A framework for fine-tuning local LLMs to generate, debug, and optimize code solutions through automated iterative improvement.
CodeEvolveLLM is a framework that uses a local LLM—specifically the Qwen2.5-coder 7B model—to generate, debug, and improve code through a reinforcement learning (RL) loop. The goal is to train the LLM not only to produce code but also to refine its own outputs by learning from its mistakes, especially when solving text-based coding problems (e.g., data structures and algorithms challenges).
Many current LLMs can write code, but they often need help to fix errors or optimize their output. With CodeEvolveLLM, we aim to build a self-improving system that:
Generates code with a chain of thought.
Tests the code in real-time.
Iteratively fixes any bugs.
Learns from correct solutions using RL.
This project makes it easier to create an open source and robust, local coding assistant that runs on your own hardware—ideal for learning, prototyping, and building new tools.
Local LLM Deployment: Run the Qwen2.5-coder 7B model locally after fine-tuning.
Iterative Code Generation: Generate a chain of code, test it, and allow for up to a few reattempts if errors occur.
Reinforcement Learning Loop: Reward correct outputs (and later compare time and space costs if needed) so that the model learns to generate better code over time.
Dataset Generation: Use the Gemini Flash API to automatically build a dataset of 1,000+ examples of correct code chains for DSA problems.

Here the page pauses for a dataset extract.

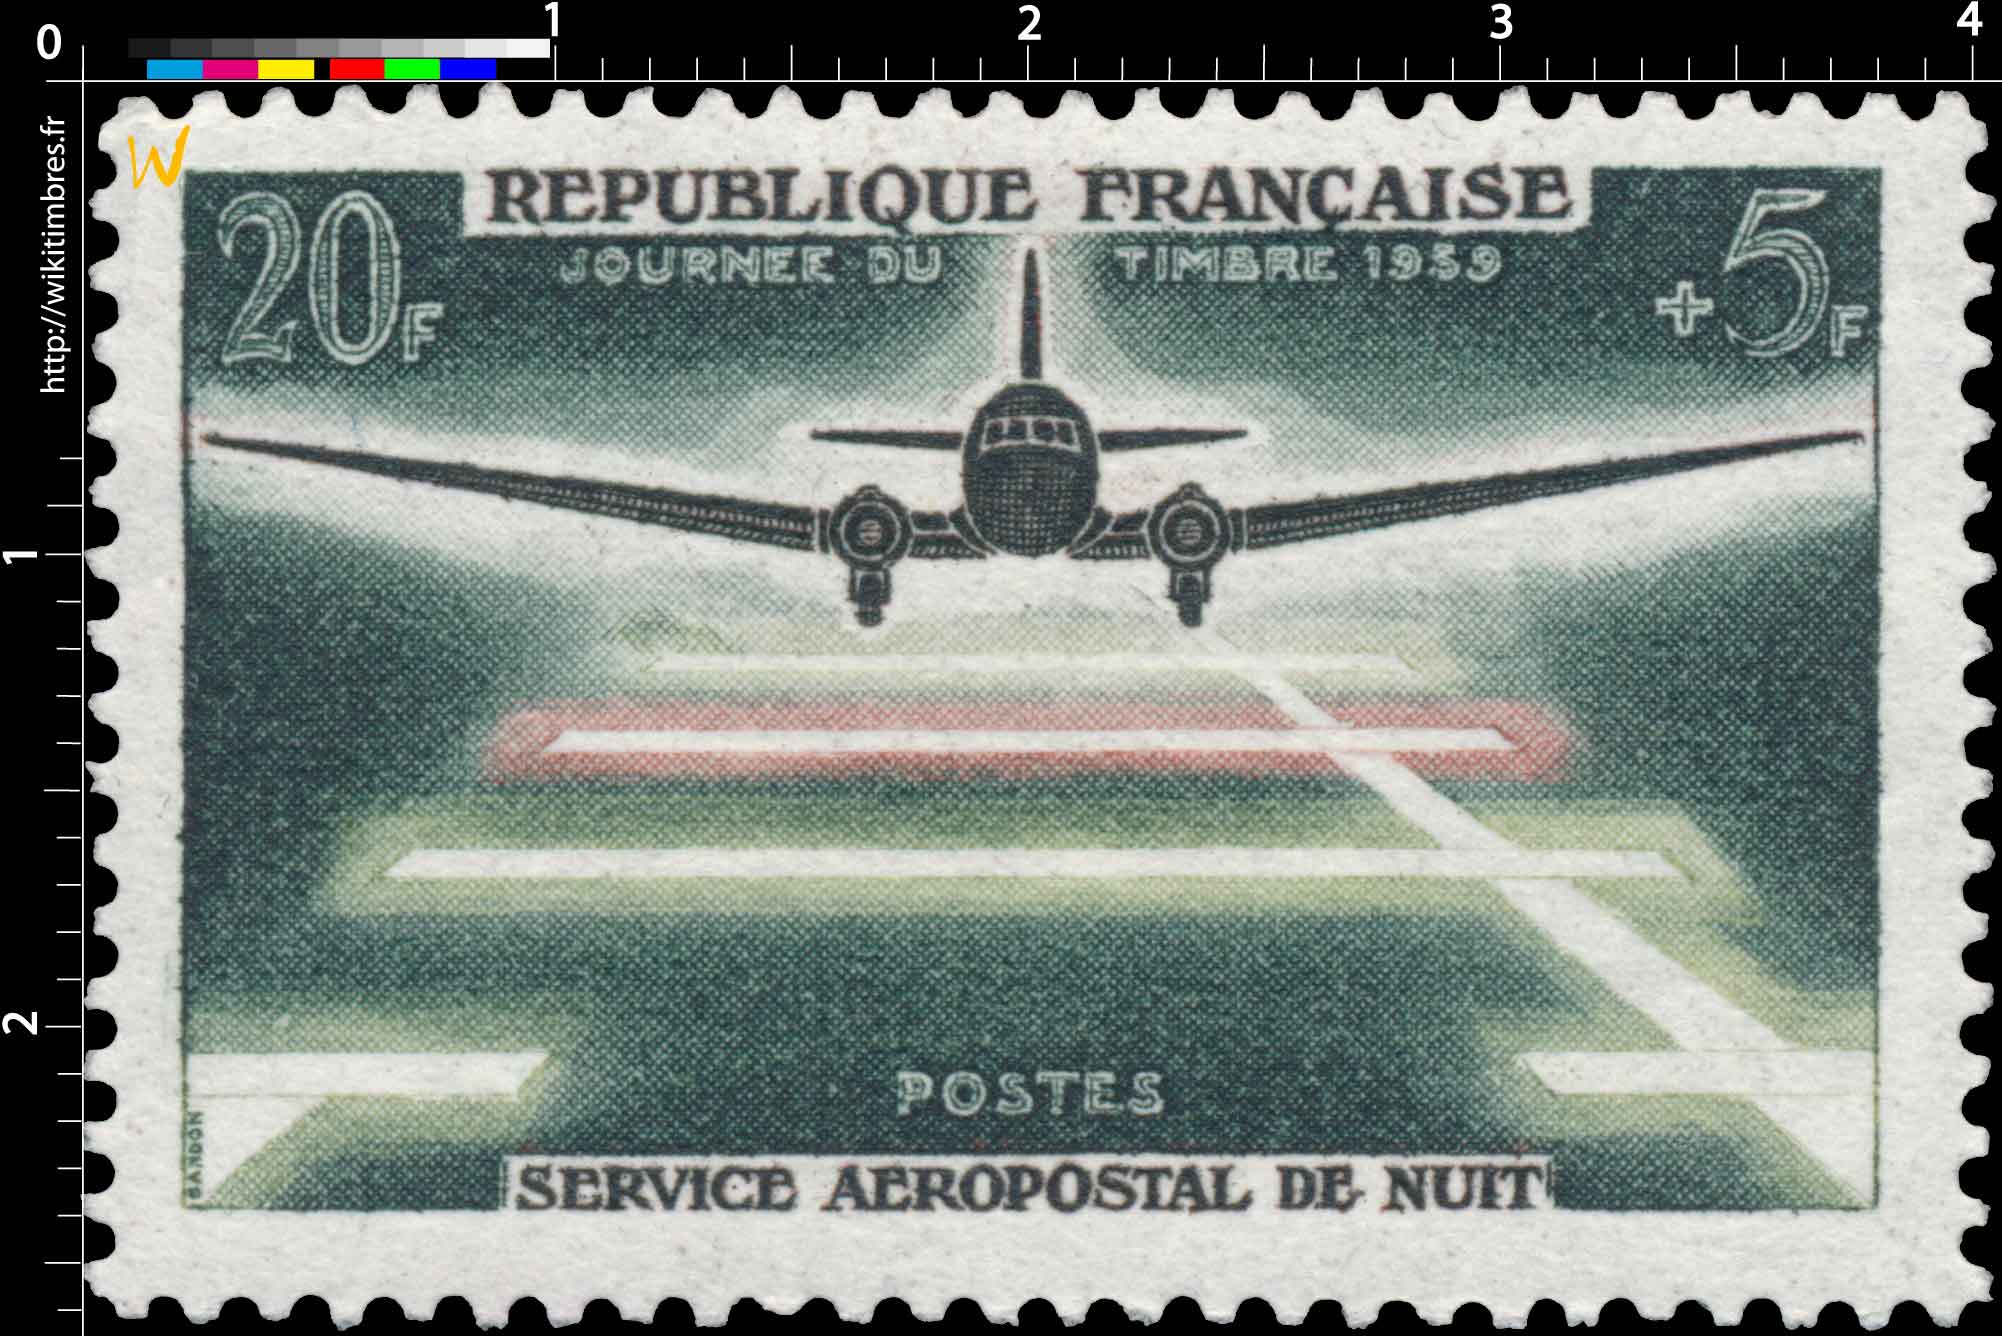 JOURNÉE DU TIMBRE 1959 SERVICE AÉROPOSTAL DE NUIT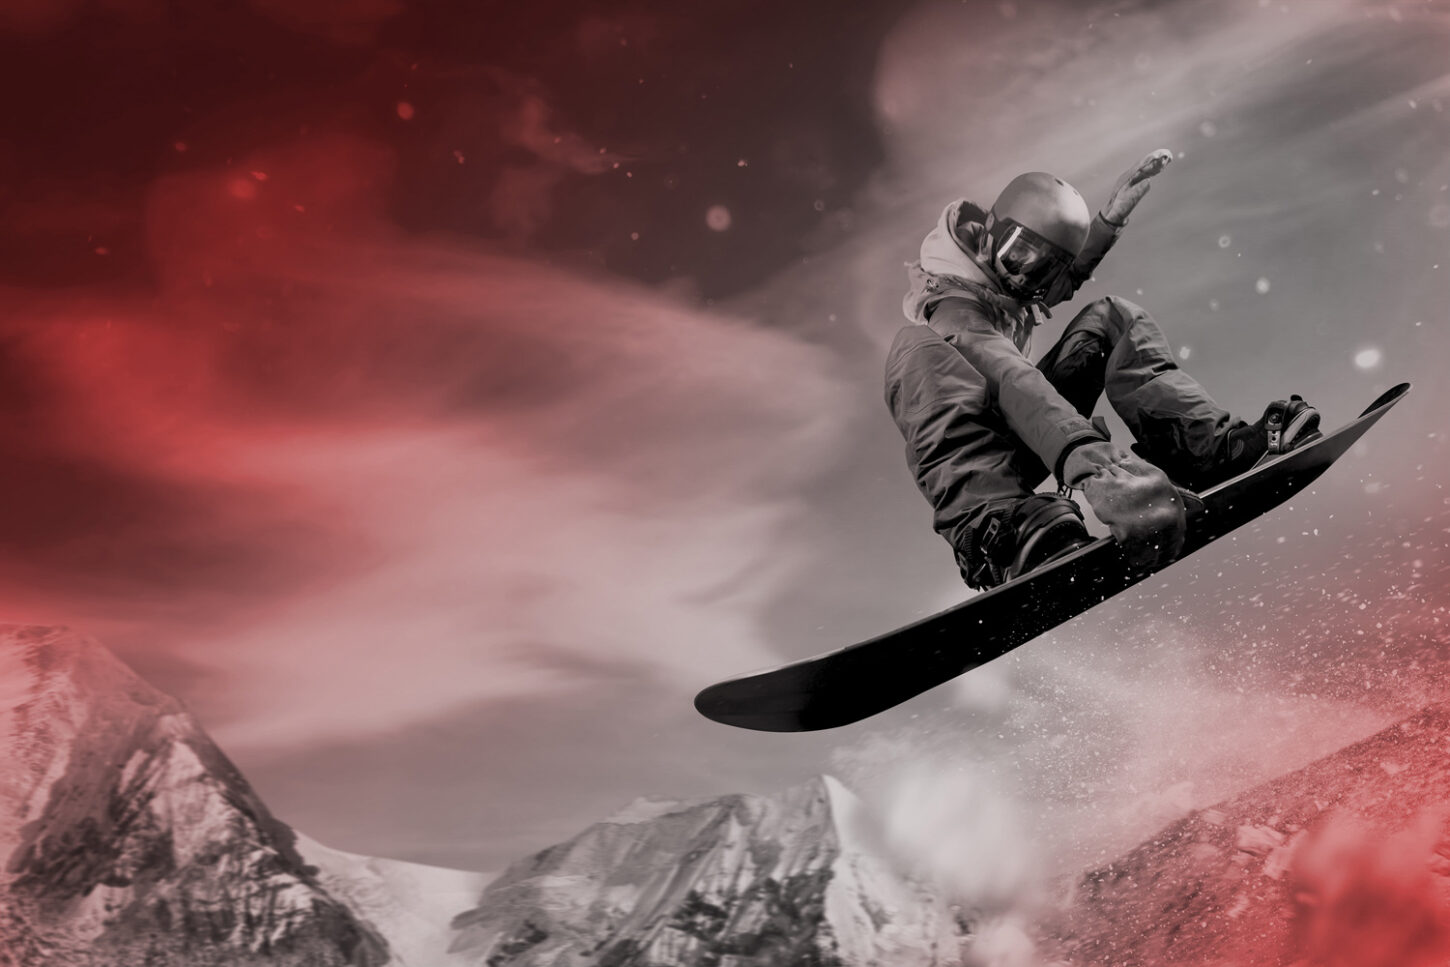 In Snowboarder beim Sprung. Symbolbild für die Kampagne für go.graubuenden.ch

CLI Tool: A command-line interface to interact with the model, test code, and run training or inference.
Future-Proofing: Start with Python’s built-in code execution with a plan to add Docker-based isolation for better security in future updates.
Base Model: Qwen2.5-coder 7B, chosen for its speed and performance.
Training Process: We are Fine-tuning the LLM on a cloud platform (e.g., Google Colab) using the generated dataset of correct code chains.
Local Inference: The final LLM model is designed to run on consumer-grade hardware.
Code Interpreter: Initially, we use Python's built-in execution (like exec() or similar) to run generated code and verify outputs. This can later be upgraded to a Docker-based system for better safety.
Iterative Debugging: If the code does not produce the correct output, the model is prompted to fix its errors and try again. Only code that eventually passes the tests is used for fine-tuning.
The current reward formula is:
Score = C × (w1 * [1 / (1 + T)] + w2 * [1 / (1 + S)] + w3 * R)
C (Correctness): 1 if the code works, 0 if not.
T (Time Cost): Fewer steps lead to a higher reward.
S (Space Cost): Less memory used leads to a higher reward.
R (Readability): A score (0 to 1) for code clarity (to be used later if needed).
Weights (w1, w2, w3): They sum to 1. For now, we primarily focus on correctness (C) and may use T and S to break ties when multiple correct solutions exist.
For the initial version, we will mainly reward correct outputs and will add more nuance later as the project evolves.
Source: Use Gemini Flash via its free API to generate chains of code that solve DSA problems.
Scale: Aim to create a dataset of at least 1,000 examples covering a range of difficulties—from easy to hard.
Format: Store the generated examples in JSON, making it easy to extract the code (using markers like <code> tags) for testing and training.
Parallel Generation: Future updates might include parallel dataset generation to speed up the process.
Prototype Development:
Build the basic CLI tool.
Implement the built-in Python code executor.
Create a simple RL loop that rewards correct code.
Dataset Creation:
Generate and store 1,000+ DSA problem examples using the Gemini Flash API.
Ensure each example includes a full chain-of-thought that leads to a correct solution.
Model Fine-Tuning:
Fine-tune the Qwen2.5-coder 7B model on the generated dataset.
Test the model’s ability to generate and self-correct code.
Enhancements:
Add safety features and possibly Docker-based code execution.
Incorporate additional reward metrics (like time and space complexity) for tie-breaking.
Expand dataset generation with parallel processing if needed.
Future Features:
Develop a demo web interface.
Compare performance with other code-generating LLMs.
CodeEvolveLLM is an ambitious project that aims to push the boundaries of local LLM performance in code generation. By combining iterative code improvement, reinforcement learning, and a robust dataset of real-world coding challenges, this project aspires to create a tool that not only writes code but also learns to fix and optimize its own output. Whether you are a student, a developer, or a researcher, CodeEvolveLLM provides a new way to harness the power of LLMs for coding tasks—locally and securely.